– Мы поскачем на первой из трех лошадей, Ингоньяма Окар и Ихаше Удуак могут сесть на вторую, а ты, Нья, возьмешь третью.

– Что? Нет! – воскликнула Нья. – Королева Циора, вы не можете принимать участие в погоне после…

Королева вскинула руку.

– Нам уже начинает надоедать, когда нам говорят «нет». – Она скользнула взглядом мимо чемпиона и пристально посмотрела на Хафсу. – Жрица Экин, мы призовем королевских стражников, чтобы они держали чемпиона. Спасите ему жизнь.

– Я никому не позволю отнять мою ногу! – ответил Тау.

Королева обрушилась на него:

– Это приказ, чемпион. Как вы смеете! Мы не желаем смотреть, как вы умираете.

– Удуак! – позвал чемпион.

– Нэ? – отозвался огромный Меньший, подходя к ним.

Чемпион вынул из ножен клинок из драконьей чешуи, стянул часть кожаных доспехов, закрывавших отравленную ногу. И хотя сделать это наверняка было больнее, чем если бы он посыпал рану солью, он вынес эти муки достаточно мужественно. От этого сочетания безумия и соблюдения приличий Хафсе хотелось смеяться, но ситуация стала еще безумнее.

– Удуак, вырежи рану с ядом, – сказал он.

Хафса фыркнула: как бы часто ей ни доводилось встречаться с идиотским легкомыслием мужчин, оно всегда вызывало у нее удивление.

– Так нельзя, – сказала она. – Прошло слишком много времени. Яд мог распространиться. Нужно отнять всю ногу.

– Удуак, жрица встревожена, – сказал чемпион. – Вырежи большой кусок.

Огромный Меньший хмыкнул и взял черный клинок.

– Вы не понимаете, – сказала Хафса, стараясь подбирать слова, которые точно будут понятны Меньшим. – Даже если вы вырежете основную часть яда, остатки уже ушли далеко. Того, что останется, хватит, чтобы остановить ваше сердце, но яд причинит невообразимую боль. Она сведет вас с ума. Вы умрете, моля о скорейшей кончине.

Чемпион сфокусировал взгляд на жрице. Она побледнела и подумала, что он уже безумен.

– Боль? – переспросил он, словно в бреду. – Боль перестала на меня действовать тысячу жизней назад. – Не отводя от нее глаз, он обратился к огромному Меньшему. – Режь поглубже, Удуак. Нам нужно убить вождя и отвоевать город, а я и так уже потерял слишком много времени.

Не говоря ни слова, Удуак направил лезвие к истекающей кровью ноге чемпиона, но тот так и не сводил взгляда с Хафсы.

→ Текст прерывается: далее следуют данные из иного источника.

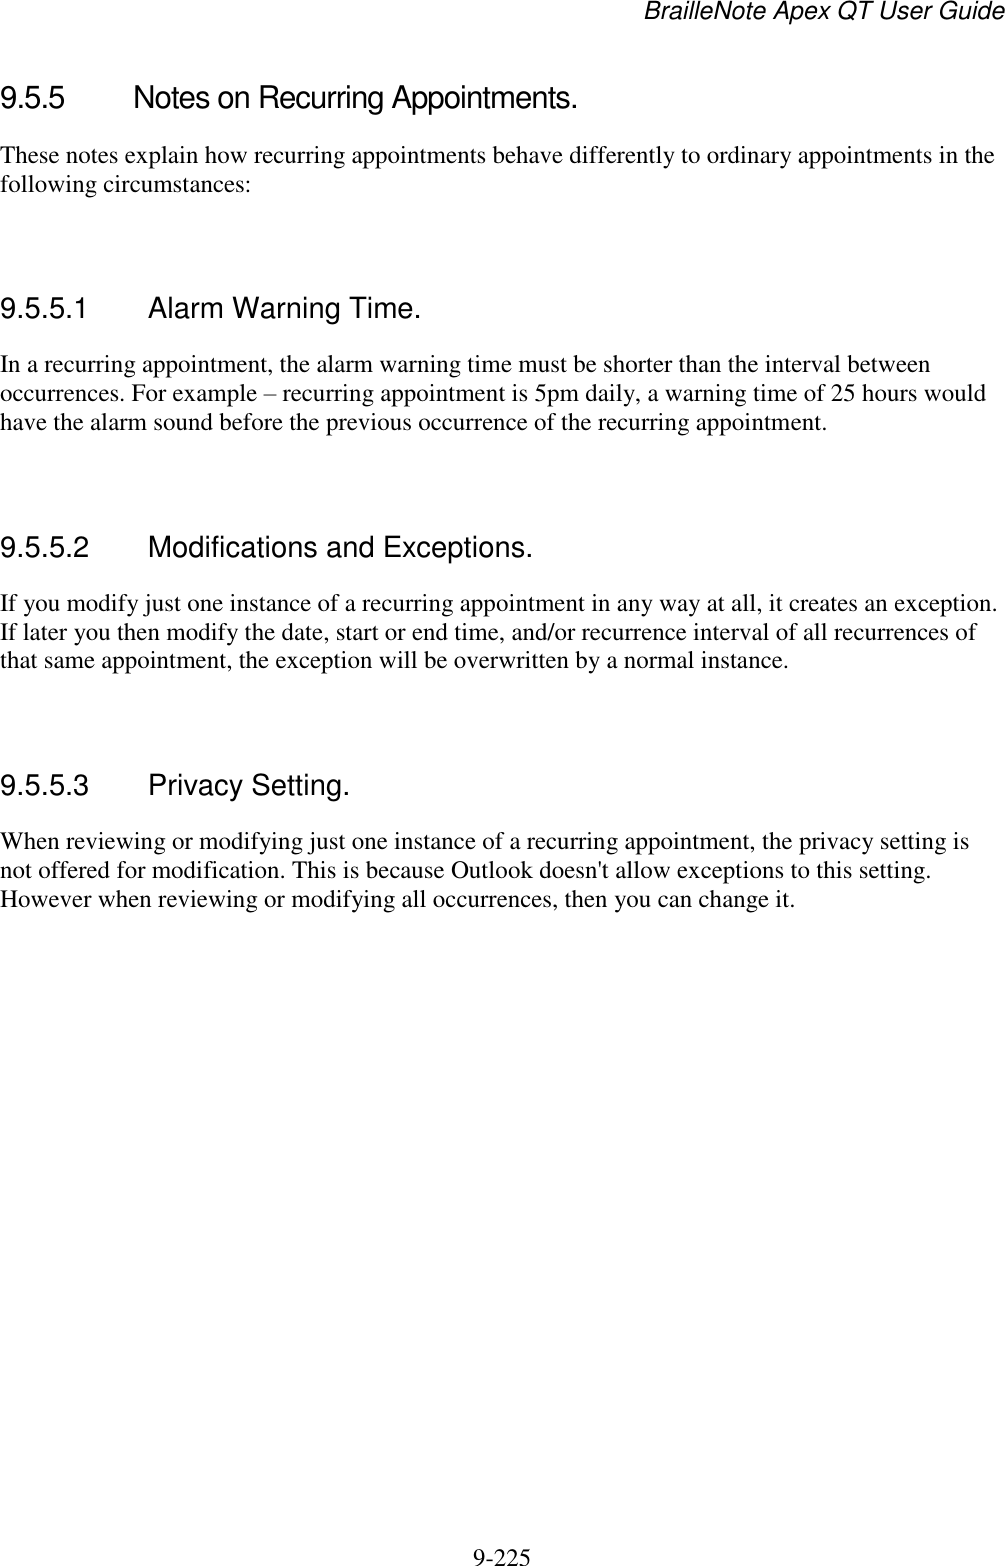 BrailleNote Apex QT User Guide  9-225   9.5.5  Notes on Recurring Appointments. These notes explain how recurring appointments behave differently to ordinary appointments in the following circumstances:   9.5.5.1  Alarm Warning Time. In a recurring appointment, the alarm warning time must be shorter than the interval between occurrences. For example – recurring appointment is 5pm daily, a warning time of 25 hours would have the alarm sound before the previous occurrence of the recurring appointment.   9.5.5.2  Modifications and Exceptions. If you modify just one instance of a recurring appointment in any way at all, it creates an exception. If later you then modify the date, start or end time, and/or recurrence interval of all recurrences of that same appointment, the exception will be overwritten by a normal instance.   9.5.5.3  Privacy Setting. When reviewing or modifying just one instance of a recurring appointment, the privacy setting is not offered for modification. This is because Outlook doesn&apos;t allow exceptions to this setting. However when reviewing or modifying all occurrences, then you can change it.   
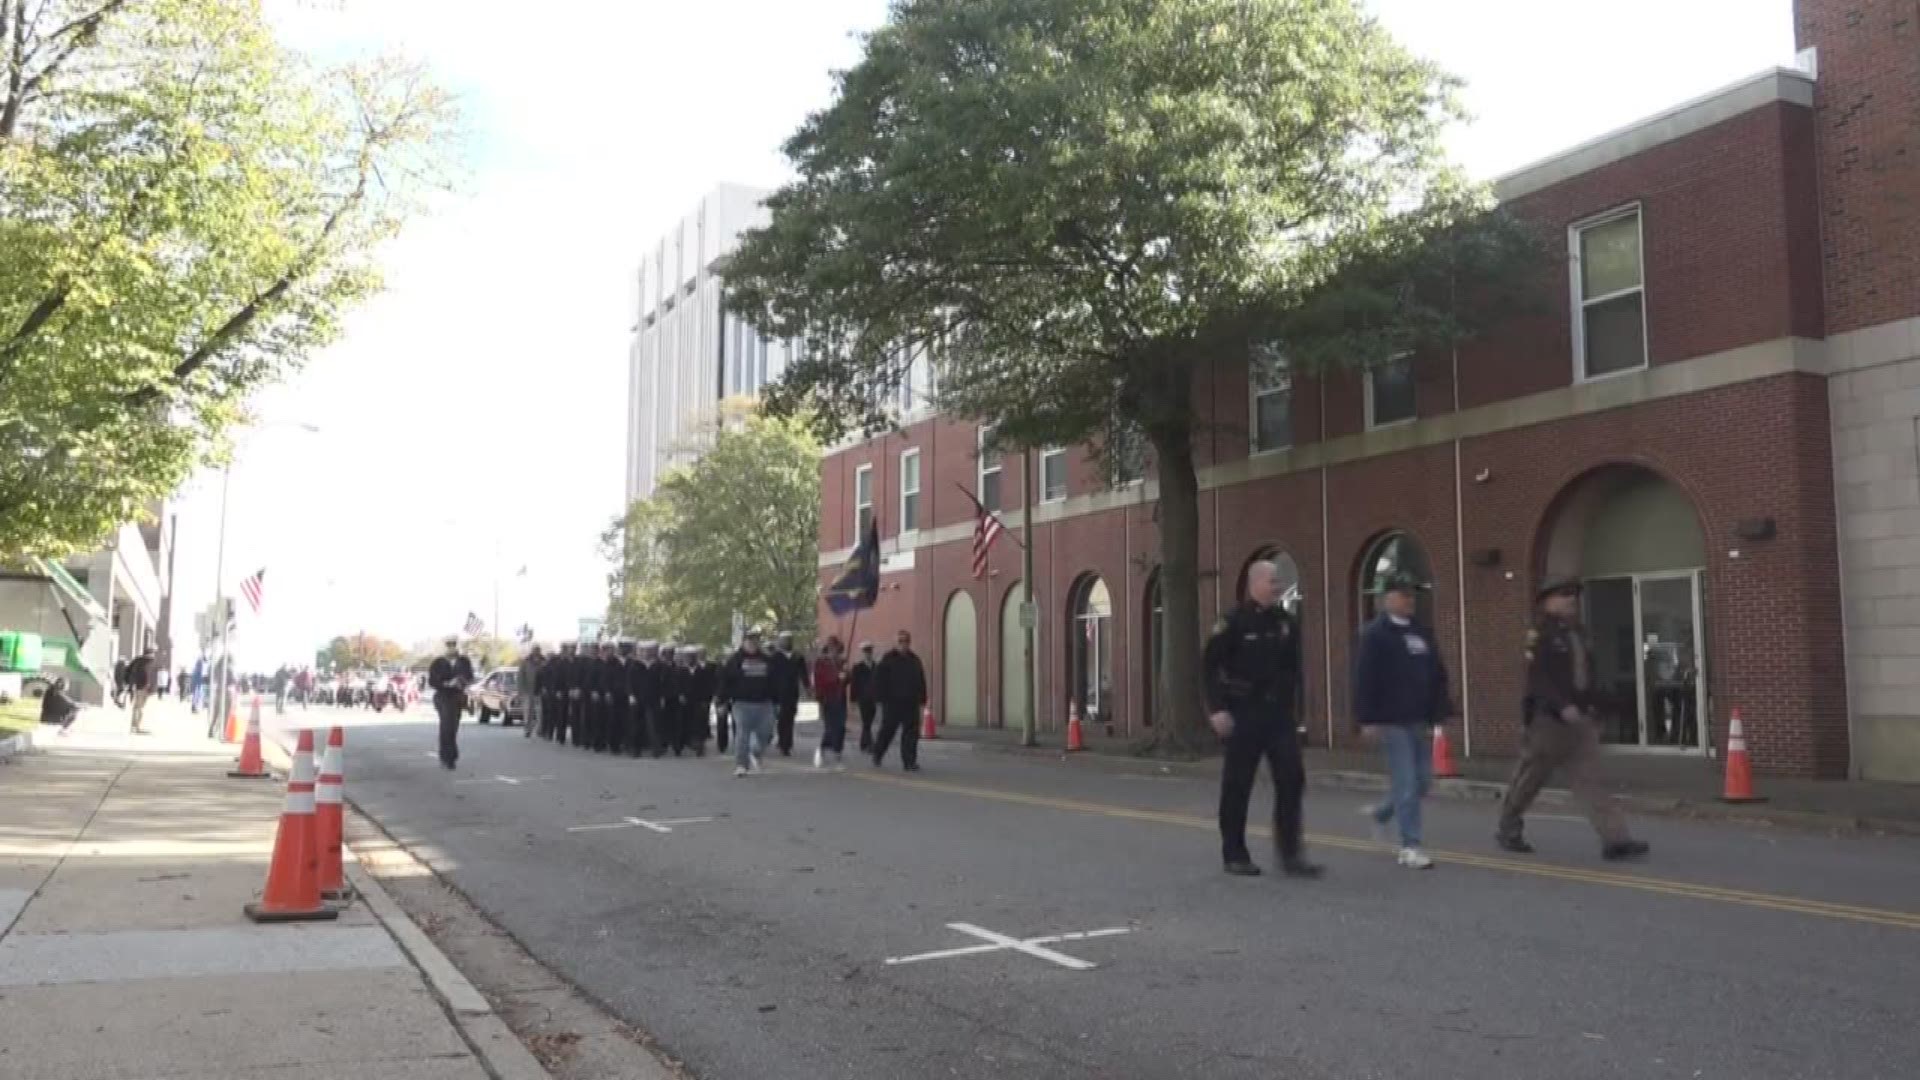 For the first time in more than 50 years, Newport News lined the streets to honor veterans. The hope is to get more people involved with the parade in the future.

Она не могла вынести такой глупости.

– Дайте мне! – воскликнула она, пытаясь выхватить клинок у огромного Меньшего, но его хватка была тверда, как гранит, и она осталась ни с чем. – Послушайте, – сказала она чемпиону, – ваш человек скорее всего сделает вашу ногу бесполезной, и от нее толку будет не больше, чем если ее просто отрезать. Позвольте мне это сделать. Я отрежу, насколько смогу, немного и не задену мышц и крупных артерий.

Этот довод возымел действие, чемпион скрепя сердце согласился, и, как любила говаривать старая наставница Хафсы, пришло время провернуть в ране нож.

– Это чрезвычайно глупо, но если это все, что вы позволяете, то останетесь со страшной раной, хромотой и жгучей болью, – сказала она ему. – И это лишь до тех пор, пока яд не зайдет так глубоко, что вам покажется, будто вы заживо сгораете изнутри. – Она сделала паузу для пущего эффекта, чтобы он получше вдумался в ее слова. – Неважно, – наконец добавила она. – У вас много острых игрушек. Вам не составит труда покончить с этим самому.

Он кивнул.

– Порез неглубокий, жрица, – сказал он. – Нога должна еще работать.

Этого она не ожидала. Она применяла этот подход сотни раз, и стоило ей должным образом объяснить пациентам глупость их намерений, они всегда соглашались с нею.

Она задумалась, не успел ли яд подействовать на его сознание, но по единственному взгляду в его глаза поняла: подействовал яд или нет, он уже все твердо для себя решил.